Le pêcheur dit avec une courtoisie rude mais vraie:
– Oui, monsieur! Remerciez-moi si vous voulez, cela fera du bien à votre pauvre cœur. Et je suis en train de me dire que si j’étais à votre place, j’aimerais être reconnaissant aussi. Mais, monsieur, pour ma part, je n’ai pas besoin de remerciements. Je suis si content, moi aussi!
Qu’Arthur Fernlee Markam était reconnaissant, il le prouva un peu plus tard d’une façon pratique. Dans la semaine qui suivit, le plus beau bateau de pêche qu’on ait jamais vu dans le havre de Peterhead entra dans le port de Crooken. Entièrement équipé de voiles et de toutes sortes de gréements, il était pourvu des meilleurs filets. Son capitaine et les hommes repartirent en voiture après avoir déposé, avec la femme du pêcheur, les papiers de l’inscription maritime portant son nom.
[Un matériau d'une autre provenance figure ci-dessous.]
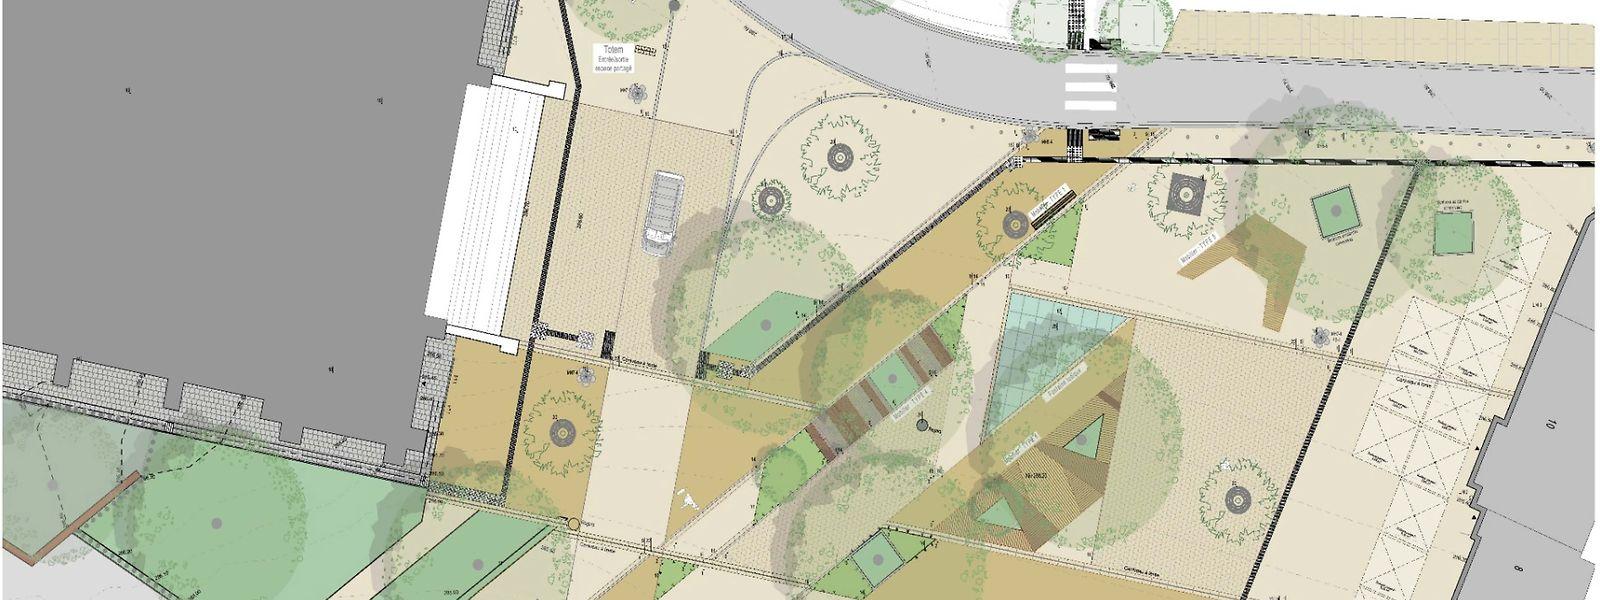 Die Place Kinnen wird nur noch entlang der Rue Zinnen (oben links) und der Rue du Commerce (oben rechts) eine klassische Fahrbahn aufzeigen. Der Shared-Space der Niddeschgaass wird erweitert.

Tandis que M. Markam et le pêcheur de saumons se promenaient ensemble le long de la mer, le premier demanda à son compagnon de ne pas mentionner le fait qu’il avait couru un danger si imminent, sinon cela ne ferait qu’affliger sa famille et ses enfants. Il dit qu’il préviendrait les siens au sujet du danger des sables mouvants et, à cette fin, il posa au pêcheur à l’instant même toutes les questions utiles jusqu’à ce qu’il sentît que les renseignements obtenus étaient complets. Avant de le quitter, il demanda à son compagnon si par hasard il n’avait pas vu un autre homme, habillé comme lui, sur l’autre rocher, quand il était accouru pour le secourir.
– Non, non, répondit-il, il n’y a pas d’autre fou comme vous dans les environs. On n’en a pas vu de semblable depuis le temps de Jamie Fleeman – celui qui était le fou de Lord Udny. Je vous le dis, l’homme! un habit barbare comme celui que vous portez, on n’en a pas vu ici de mémoire d’homme. Et moi je pense qu’un pareil costume n’a jamais été fait pour s’asseoir sur un rocher froid, comme vous le faisiez là-bas. L’homme! Vous ne craignez donc pas les rhumatismes ou les lumbagos pour poser comme ça, sur les pierres froides, votre chair nue! Je me suis dit, quand je vous ai vu ce matin près du port, que vous étiez à moitié fou, car c’est bien fou ou idiot que vous devez être pour faire une chose pareille!